Waving your flag

There’s nothing like a terrorist attack on your nation and your way of life to bring out a bit of defiant pride, that is patriotism. I was never one to raise the flag but it still flies outside my home (though I will confess to wearing it less often on my lapel). In Britain, where Marc Danziger is visiting, he is seeing British patriotism rise. He reads a bracing set of articles in The Telegraph and quotes in full a stirring list of 10 principles the paper says British believe, including this one:

The English-speaking world. The atrocities of September 11, 2001, were not simply an attack on a foreign nation; they were an attack on the anglosphere – on all of us who believe in freedom, justice and the rule of law.

Amen, cousins.

Marc has lots of links from the Telegraph and then picks out this oddly insulting and inappropriate quote from a New York Times correspondent there:

So what do foreign correspondents think of the British?

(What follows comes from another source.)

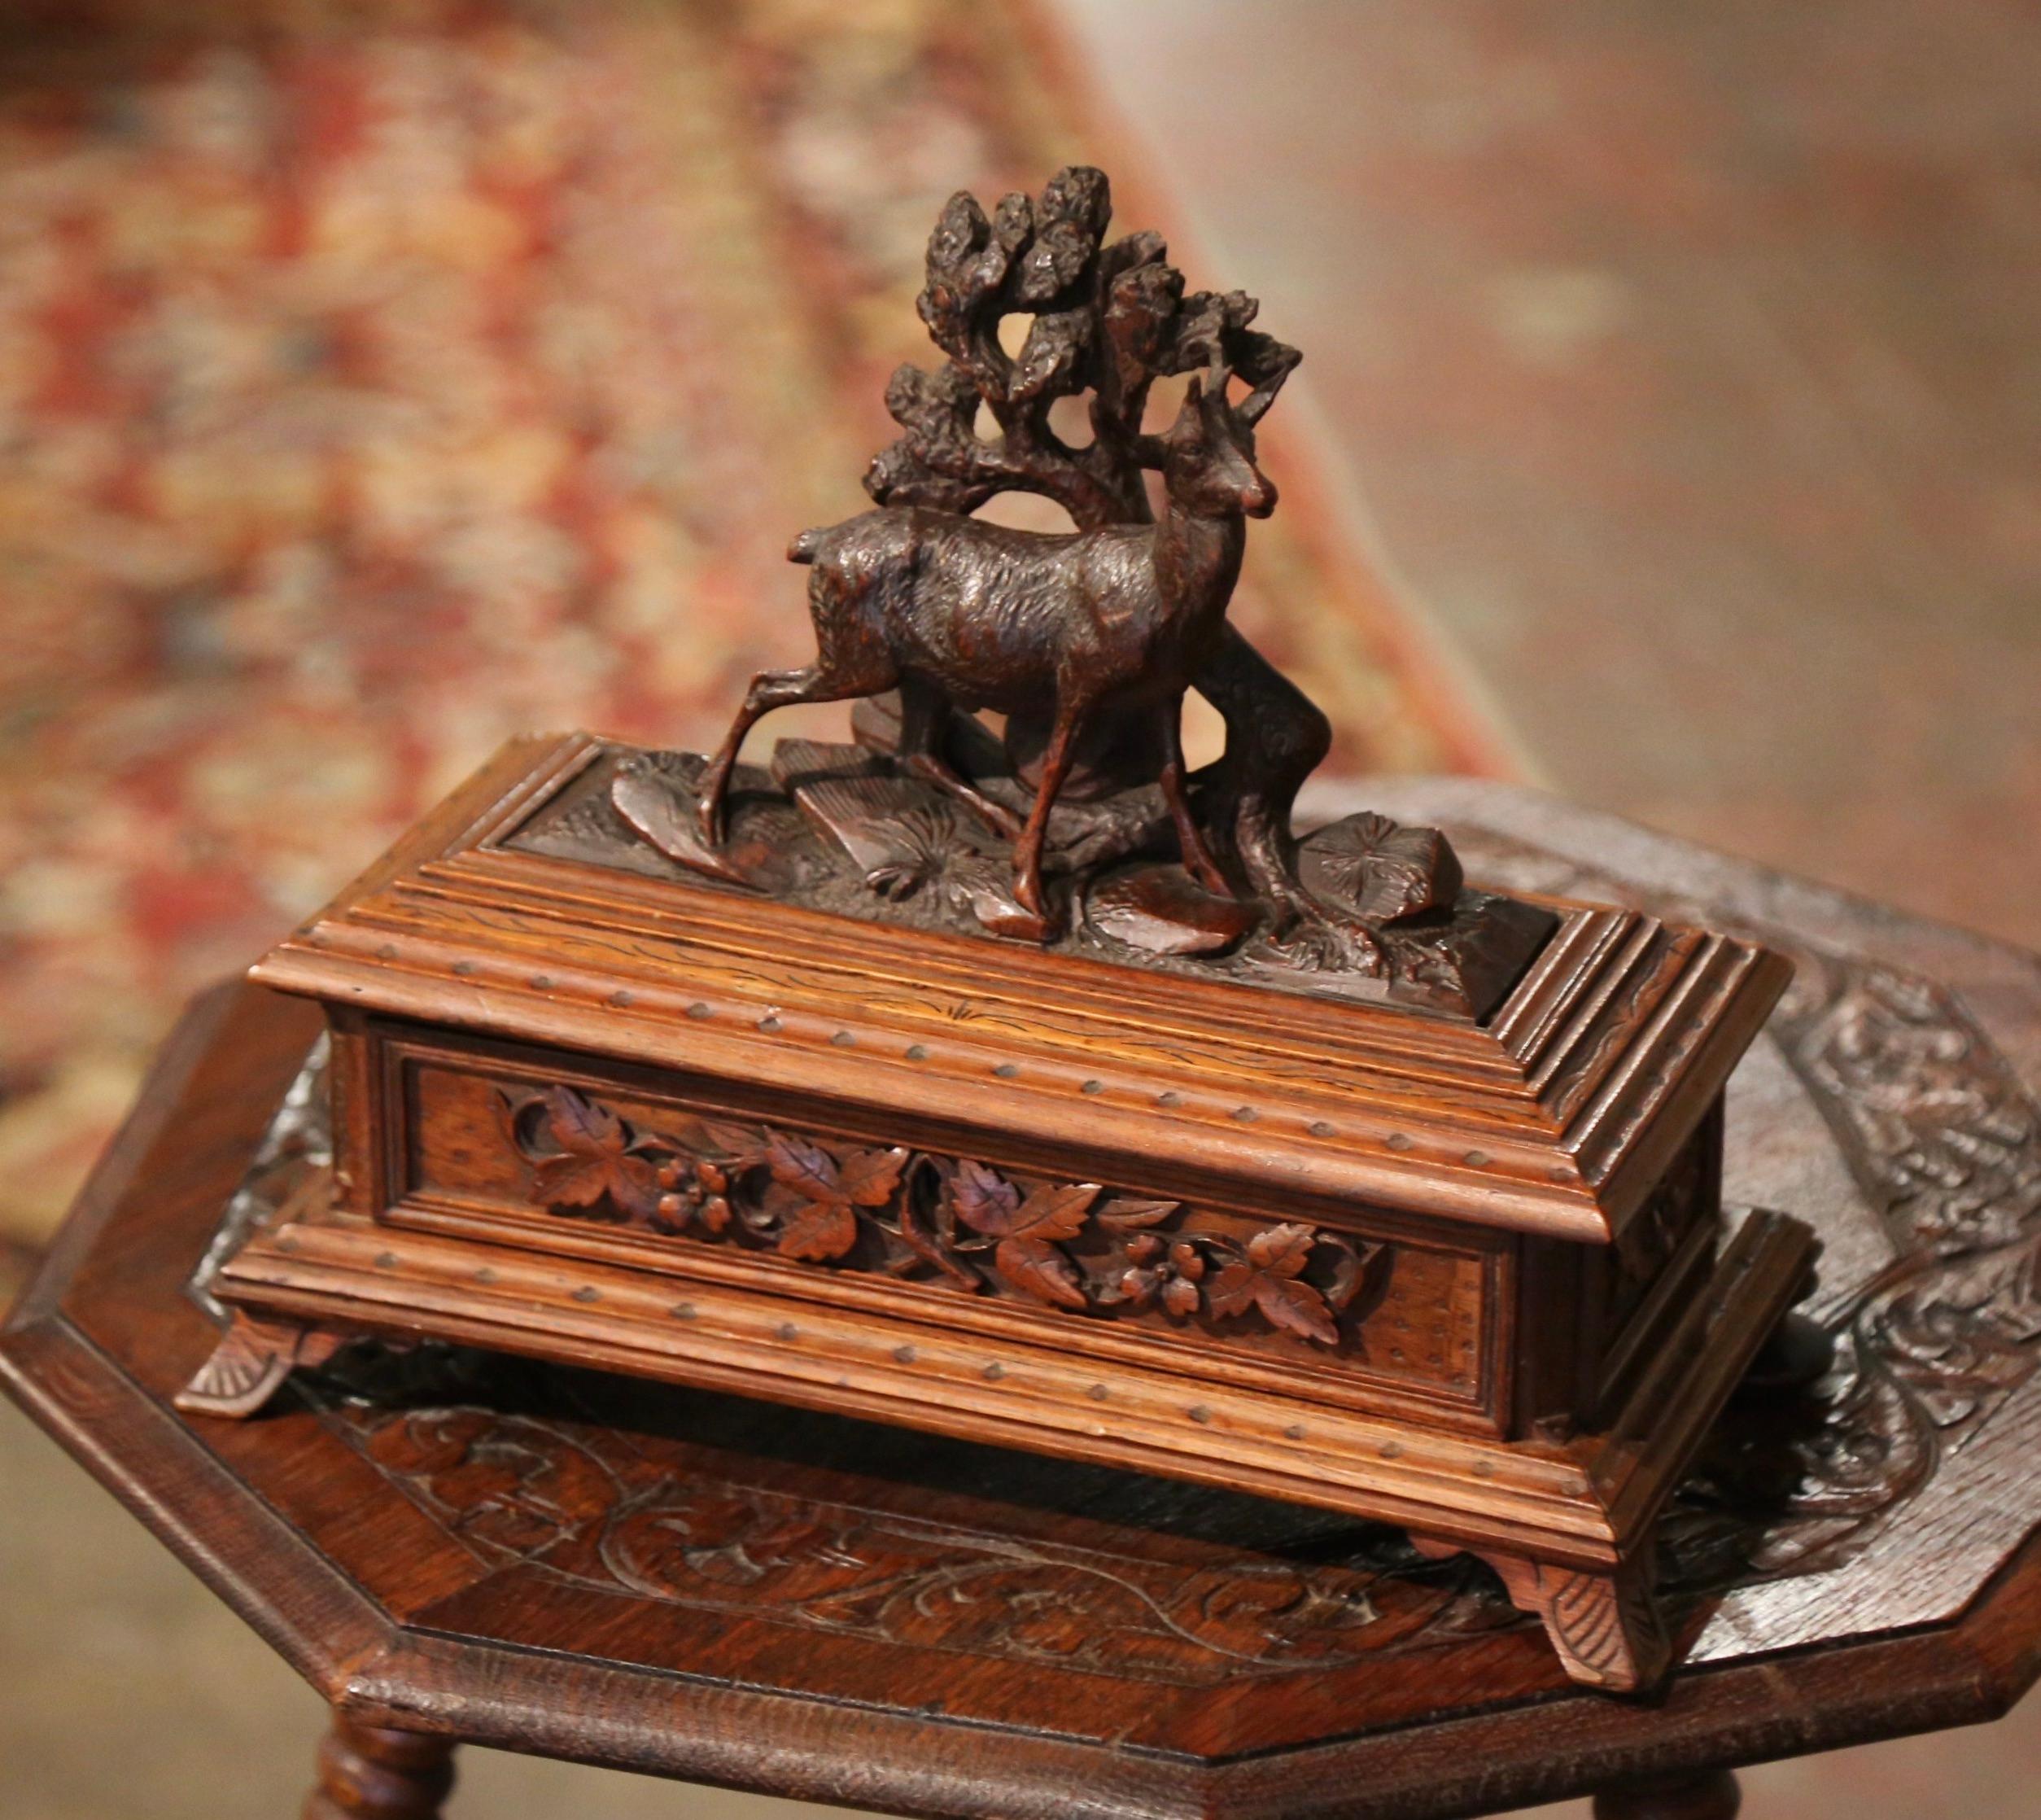 Hand-Carved 19th Century French Black Forest Carved Walnut Jewelry Box with Deer Motifs

Sarah Lyall, of The New York Times, says: “It used to be about the stiff upper lip, cream teas and cricket, but all that changed after Princess Diana died. The British don’t have an obvious set of values now other than their knack for self-depreciation.”

I’m going to bet that Ms. Lyall, seeing that in context of the stories, is cringing. Or I certainly hope she is.

(And editors worry about reporters blogging and saying inappropriate things…. when all they have to do is talk to other reporters.)